O PCdoB apoiou o deputado do DEM para presidente da Câmara. As ações posteriores de Rodrigo Maia deveriam já ter sido suficientes para demonstrar o erro dessa atitude. Mas nem mesmo o episódio da votação da MPv 936 parece ter tido essa capacidade.

Para o deputado Orlando Silva, o texto aprovado – que precariza a condição dos assalariados e fragiliza a ação sindical – permitiria a proteção do emprego e da renda dos trabalhadores, “o que será fundamental para a fase posterior, na retomada da atividade econômica”. E sobre um dos principais pontos da matéria – a possibilidade dos acordos individuais de redução de salários sem a presença dos sindicatos – esta foi justificada pelo deputado por já ter sido validada peloSupremo Tribunal Federal. (5)

Seria cômico se não fosse trágico, pela boca de um deputado “comunista”, a defesa de tal absurdo: o Congresso Nacional abrir mão de exercer suas prerrogativas de legislar sobre uma matéria de sua competência, que estava ao seu alcance, mas que virou moeda de troca e posterior traição no acordo fechado com as alas mais conservadoras da Câmara.

O argumento de que a correlação de forças é adversa no Congresso e na sociedade, dado o momento de isolamento social e de maiores dificuldades para a mobilização dos trabalhadores, é real. E justamente por isso deveria impulsionar as lideranças parlamentares da esquerda a um confronto aberto de projetos com as frações burguesas e da direita no parlamento.
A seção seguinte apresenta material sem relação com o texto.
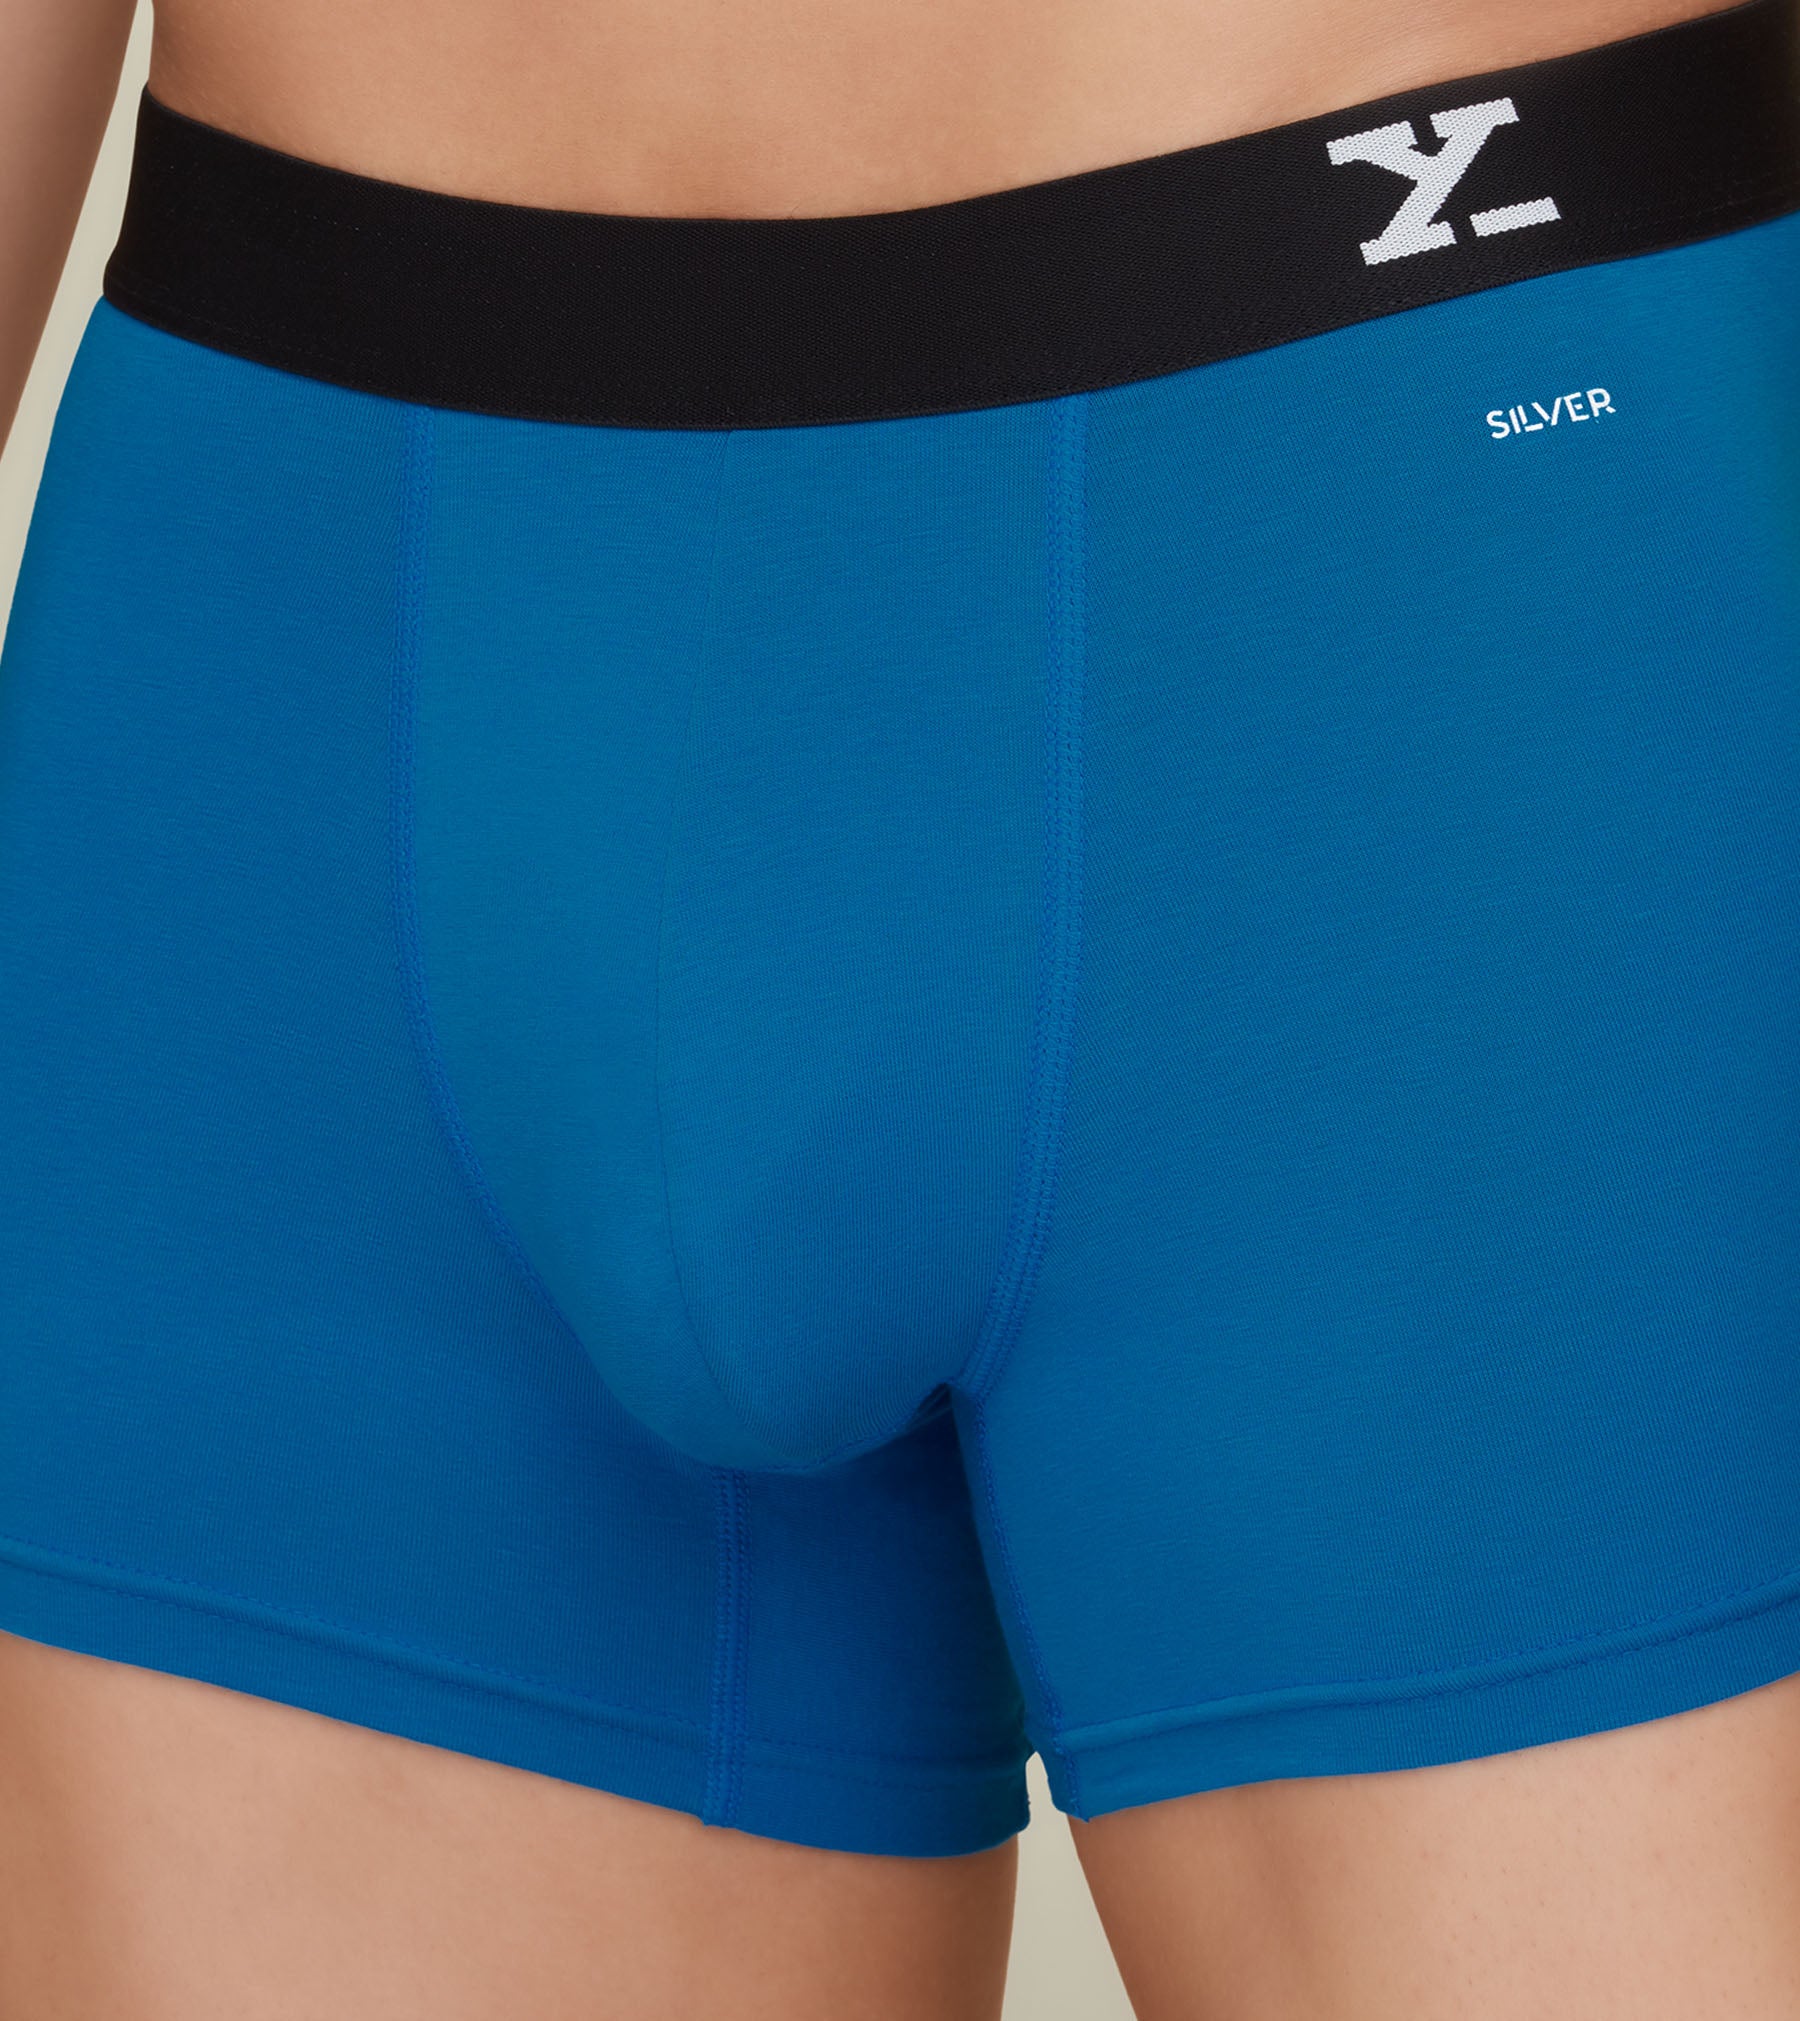 Aero Silver Cotton Trunks For Men Pack of 2(Light Blue, Dark Blue) -  XYXX Mens Apparels

Somente com o entendimento, por parte da população, do engodo e dos graves prejuízos que a MPv enseja, seria possível criar pressão popular pela sua derrubada.

Mas o PCdoB segue apostando numa política de entendimento e de frente ampla com os algozes dos trabalhadores, conforme o presidente da CTB, central sindical alinhada com aquele partido, avaliza: “Considerando a difícil correlação de força e as manobras do governo para cooptar grande parte do Centrão, conseguimos, sim, reduzir o mal maior. (…) Apostamos na grande política e protagonizamos, através do diálogo, medidas que rompem o ranço conservador do bolsonarismo”. (6)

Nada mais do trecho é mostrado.